The whole evening captured the essence of the straight talking nature of the people and the ‘hardness’ that the city is famous for. It was also great to chat to some of the performers and local creatives at the end of the night; thanks to Tasty Keish, Funk The Formula designers Mustafah Greene and Colin Lawton for adopting me into their step family (and the TK Classics tee!), K.Gaines from The Sleepwalkas for the body popping, Tah Phrum Duh Bush for being patient enough to wait for me to understand his accent, the crazy t-shirt guys outside and of course, Adam B.
Enough of me, here’s Randomatic Idiosyncratic (Part 1) from Tah’s ‘The Insomniac Works’
Roots at Cielo
If it’s not obvious already, I’m a big fan of soulful and deep house. Speaking to various people on the scene beforehand, I was told the award-winning Cielo is a must. The Meatpacking District club hosts parties from the likes of house music legend François K , Kevin Hedge from respected production twosome Blaze, and the Grammy-award winning Louie Vega, one half of production duo, Masters At Work. Hedge’s and Vega’s legendary Roots party was our final night-time stop of our trip. This soulful and Latin-tinged affair was on the top of my ‘to do’ list, so to end our adventures in one of the most admired clubs in the world was fitting.

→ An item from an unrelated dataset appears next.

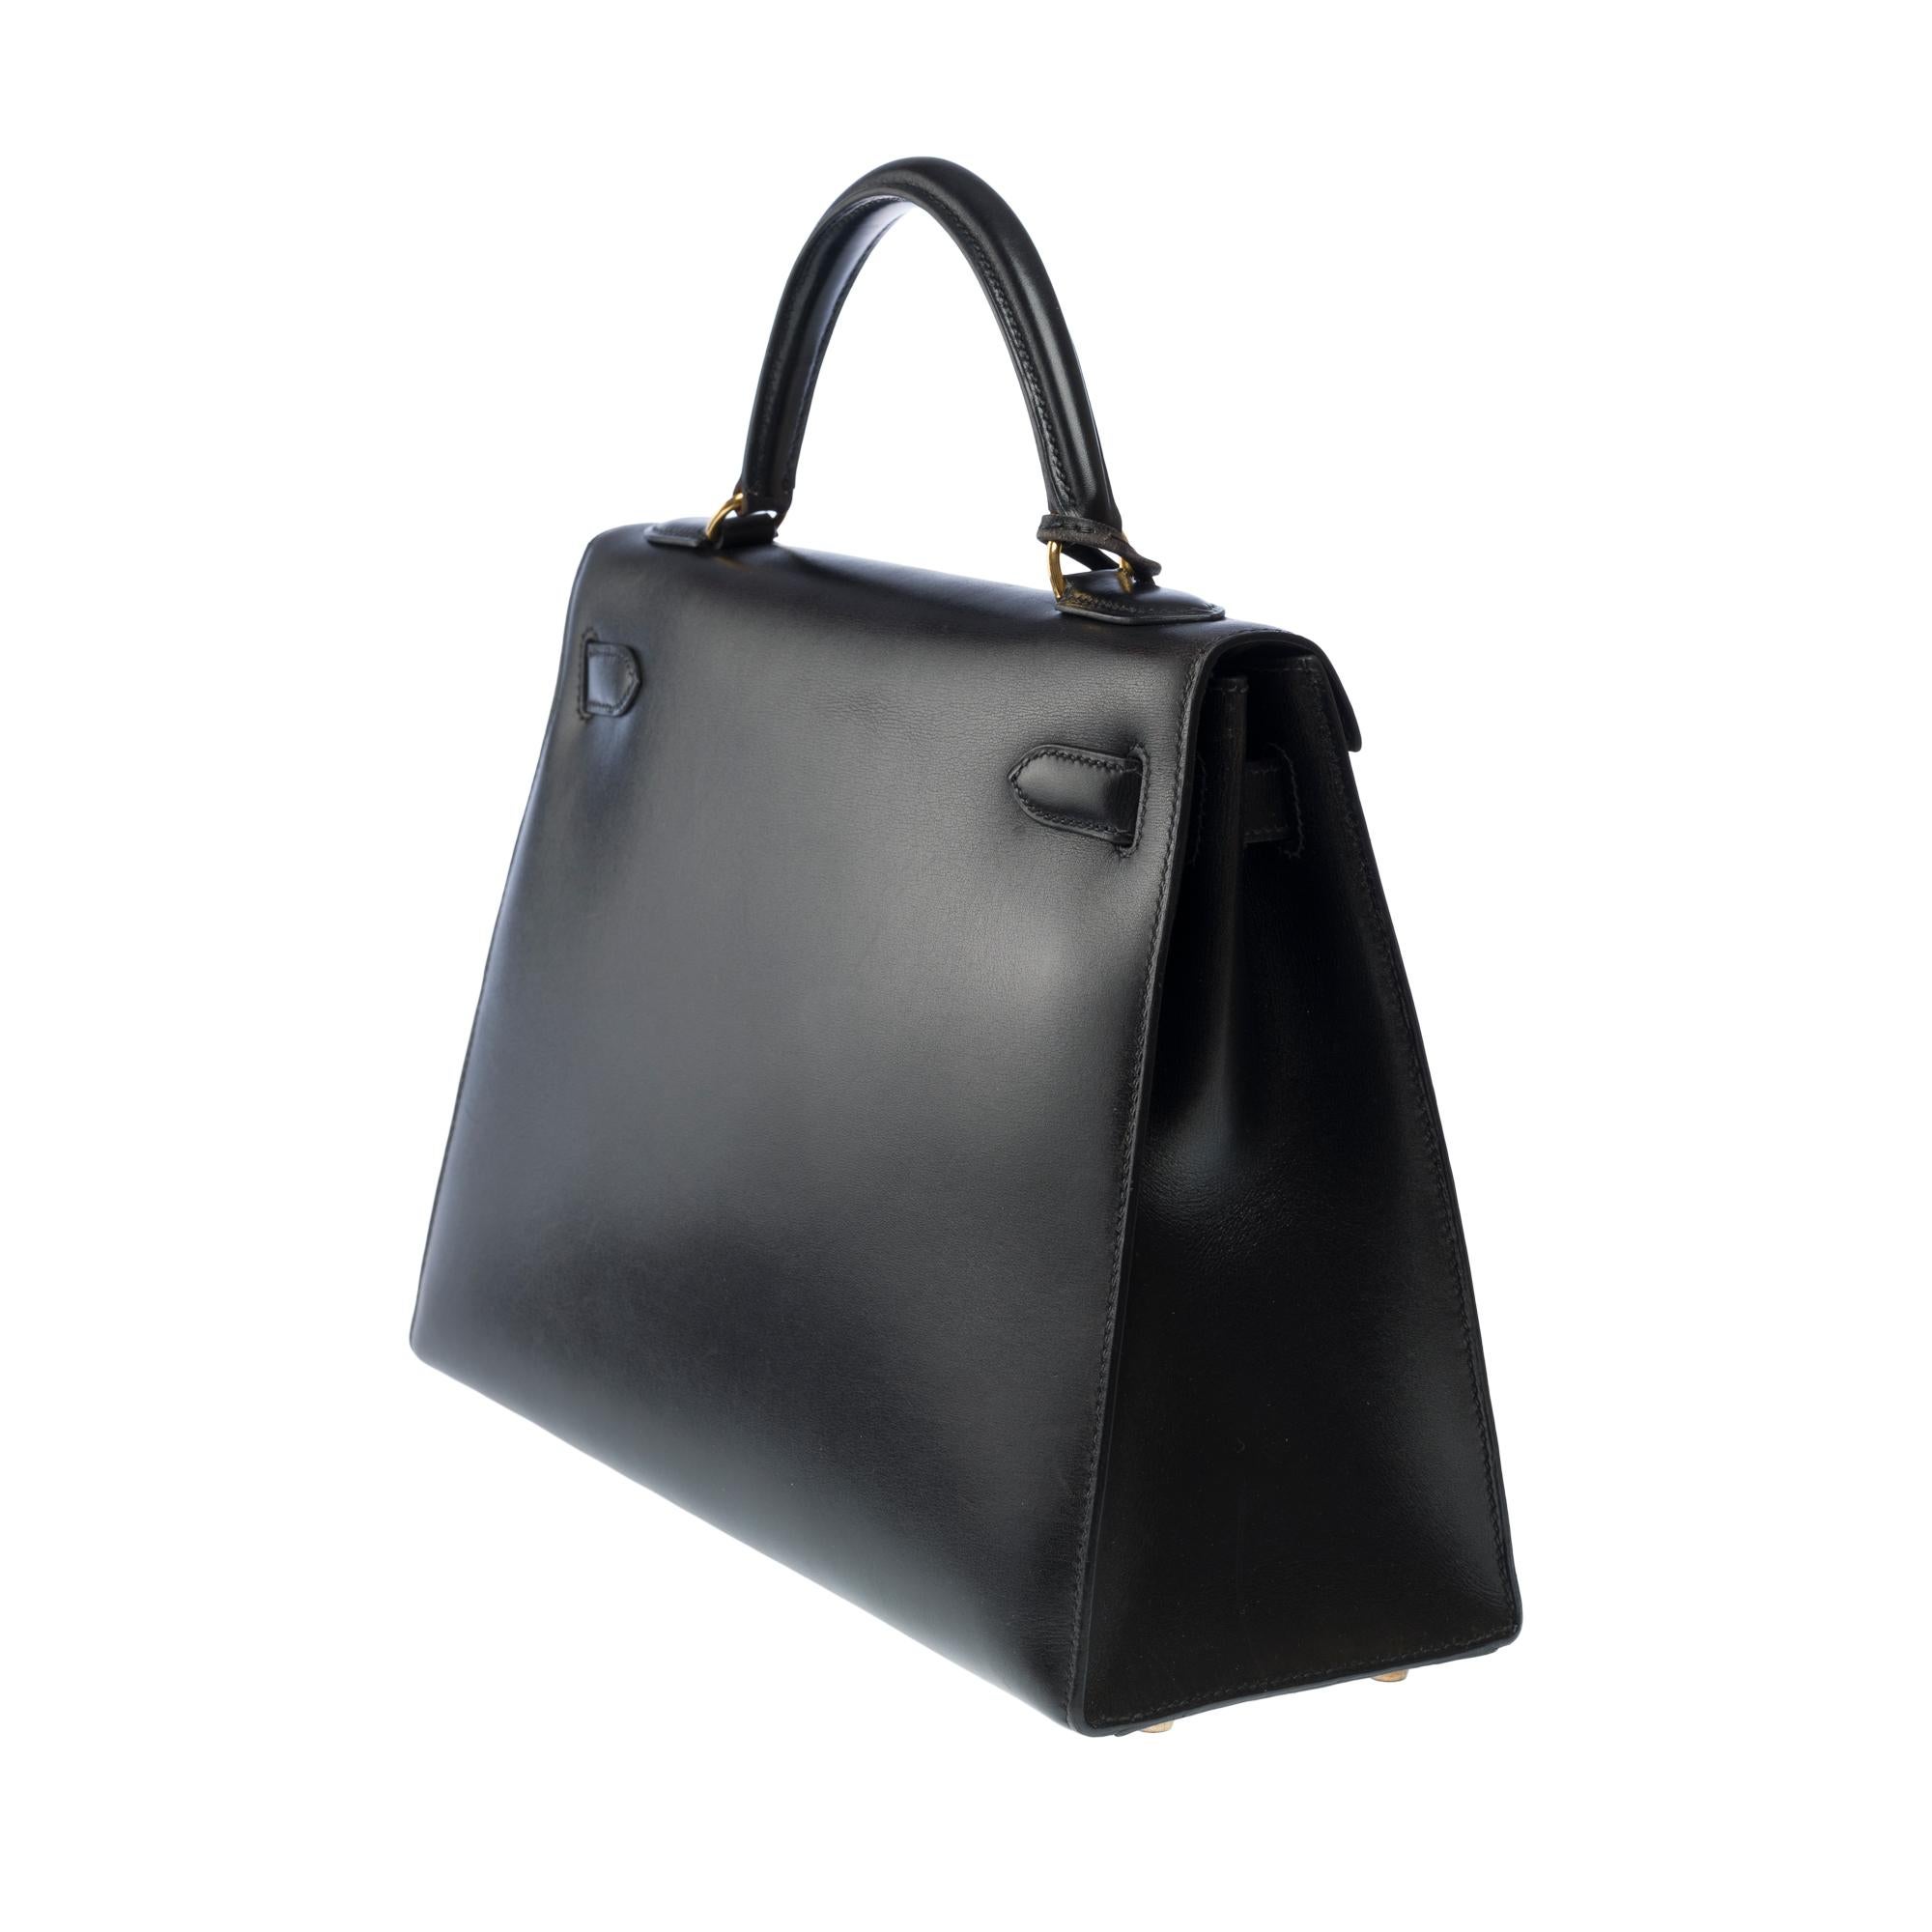 Vintage Hermès Kelly 32 sellier handbag strap in Black Box Calf leather, GHW 2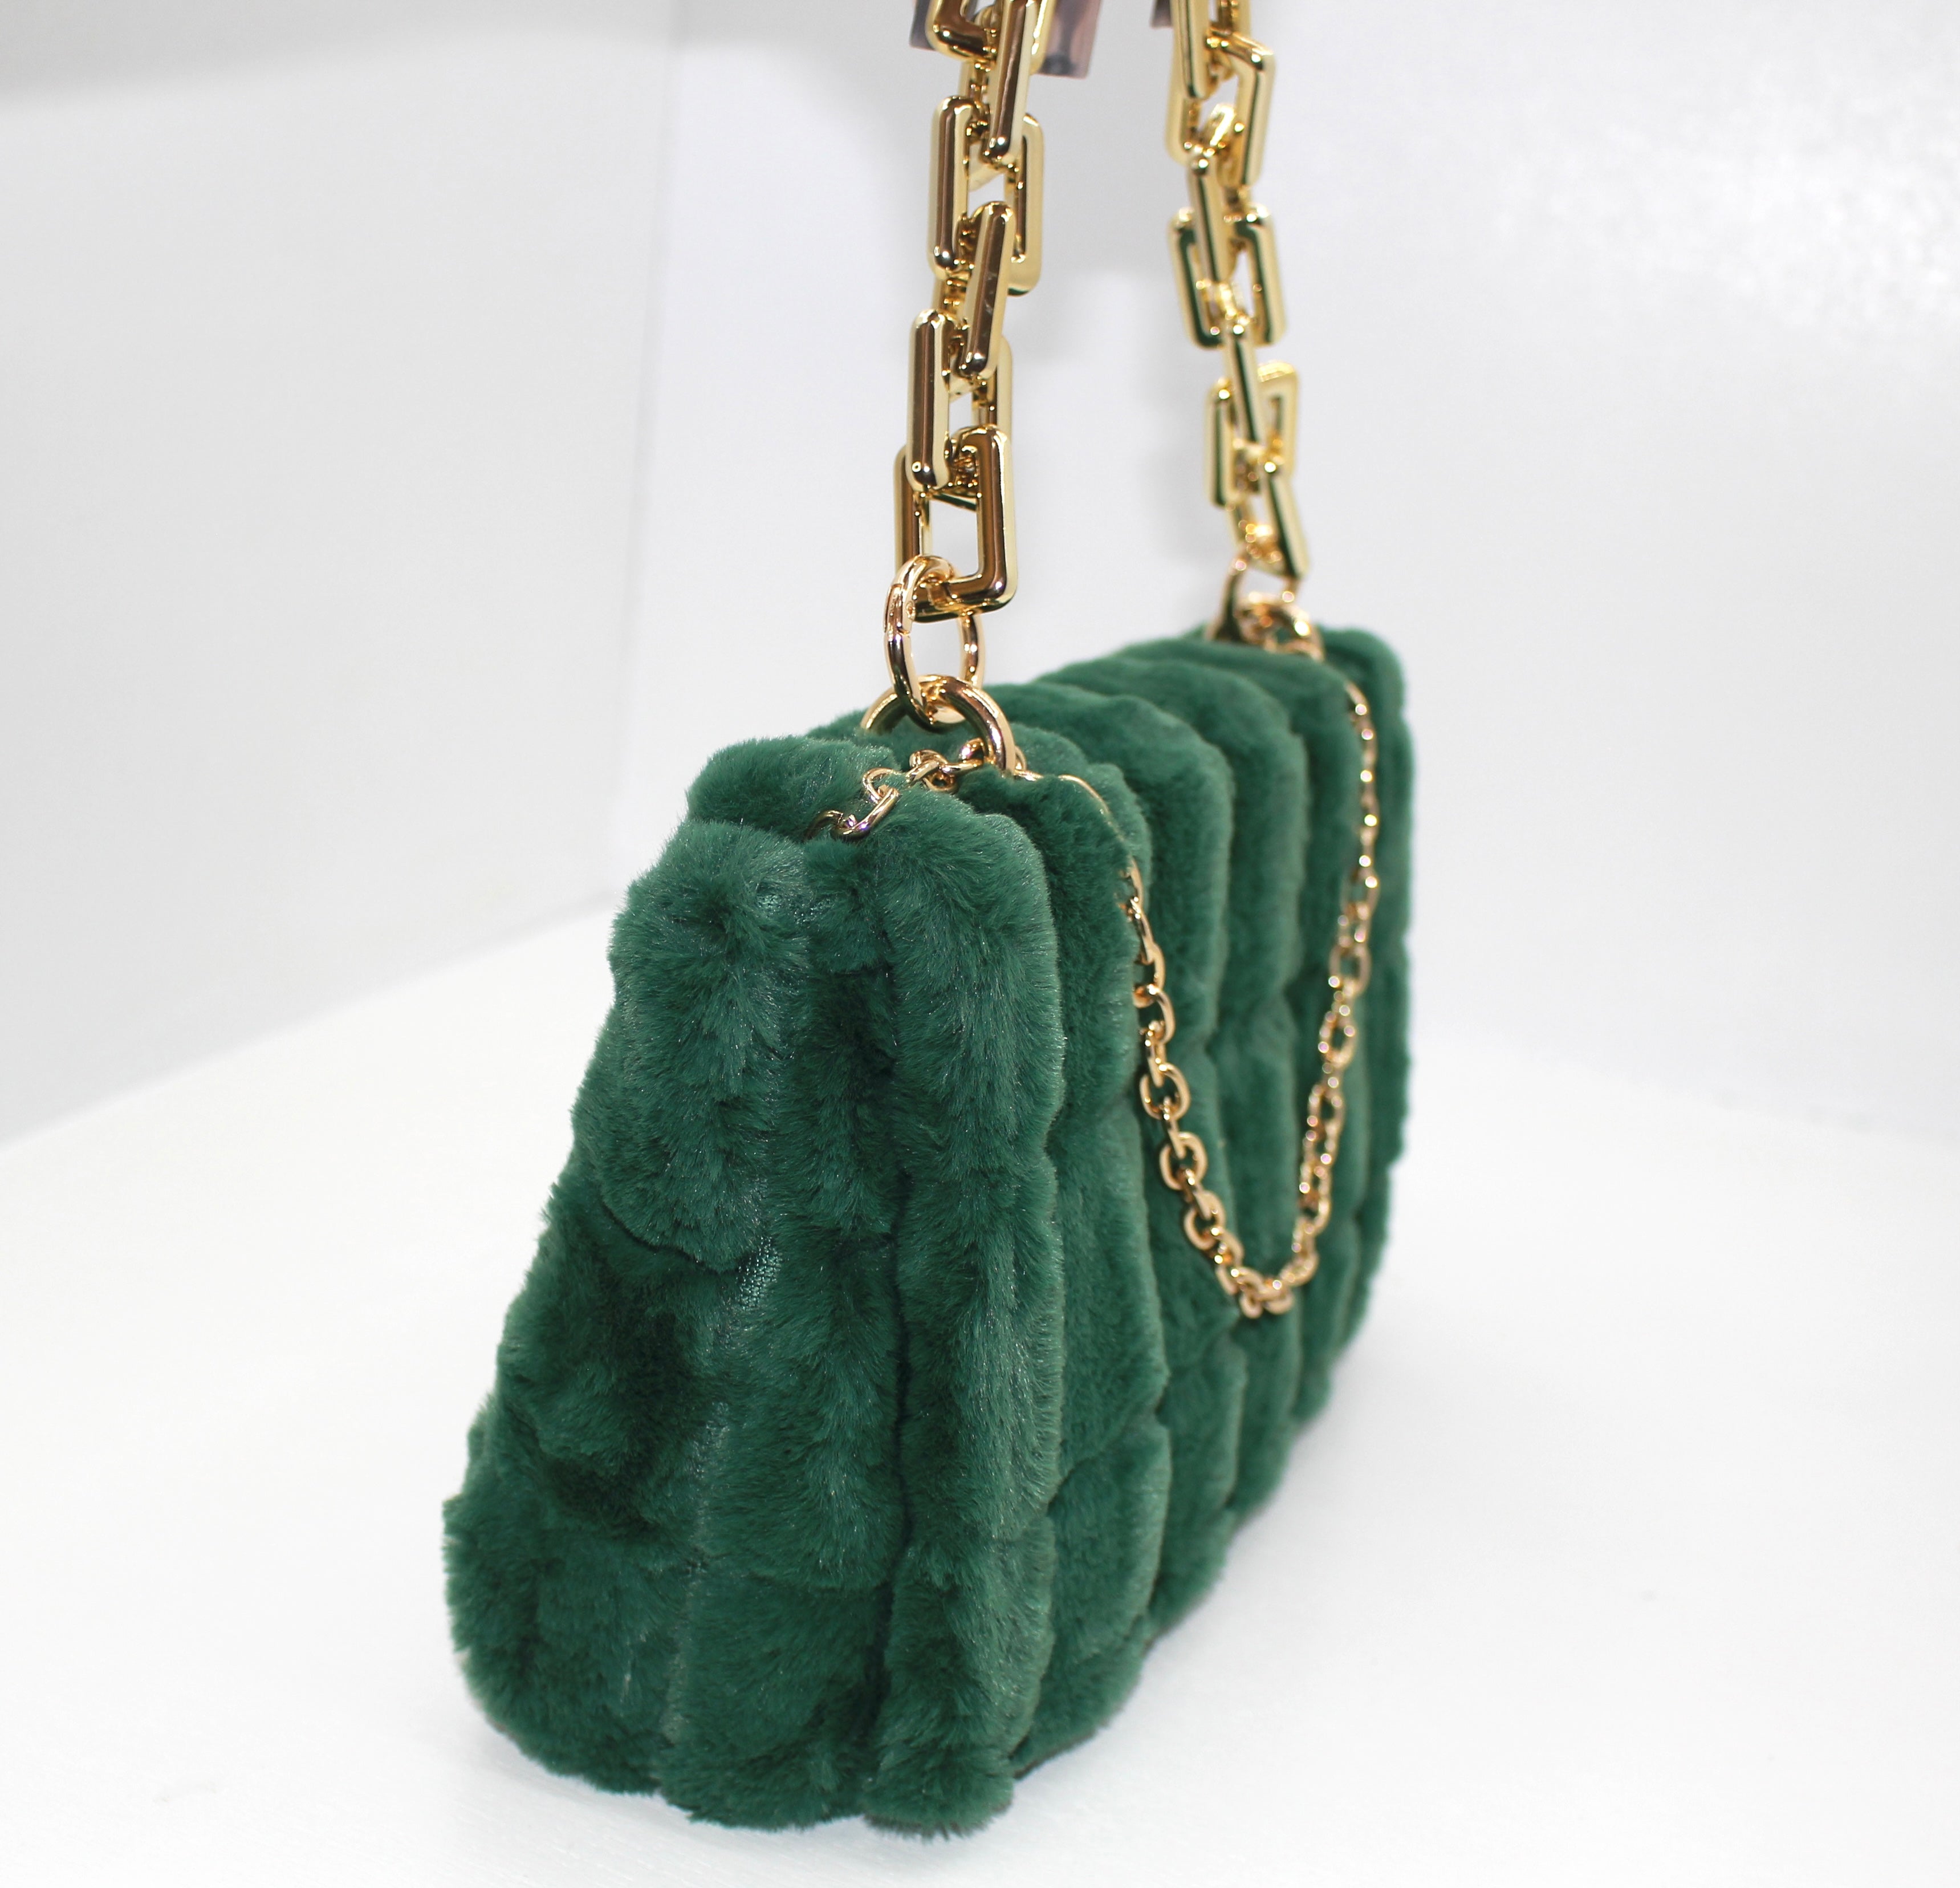 Green Money Bag

House heads I’d spoken to hold it in such high regard I was expecting it to be Mount Olympus or something. Of course it isn’t mythological Greek heaven, it’s a nightclub with facilities you’d expect; a dance floor, a dj box, a bar and a VIP area. However, it’s their distinctly high standard that makes Cielo stand out from your local disco. About 50 disco balls are suspended above the specially designed sunken dance floor. The walls light up and the rest of the lighting effects are amazing. It also has that rare luxury; air-conditioning. Basically, Cielo is a house purist’s idea of Mount Olympus. Wait a minute… it’s all making sense right now.
One of Cielo’s other redeeming features is the Funktion One sound system. When Louie Vega dropped this in his funk and disco part of the set, I fully understood why I was told that I have to go to this club.
It sounded exactly how it should; Jocelyn Brown and the rest of Inner Life may as well have been right there, and I just happened to crash the stage.
The only thing about Cielo that niggled me was the atmosphere. While there were some entertaining break dancers and smiley people – which is the best part of going to a house night in my opinion – I felt like I’d stepped into atmosphere similar what I can only compare to a local pub you’ve never been to before. To justify:
1. People gave us ‘who are you?’ looks
2. A man was asleep in the corner.
3. Todd Terry and Mr.V just turned up for a few drinks and a dance to some tracks played by Louie Vega and Kevin Hedge. In the UK, if anything of note happened on a night out at the pub, it would be Dave, the ‘funny’ guy from down the street singing on the karaoke.
The third part of that comparison is clearly not a bad thing. I just wish Cielo was walking distance away from my house. It’s pretty cool we got to see some amazing producers that are known around the world relaxing in a place where they really felt welcome.
And being made welcome by all of the people we met is yet one of the many things I will always remember New York for.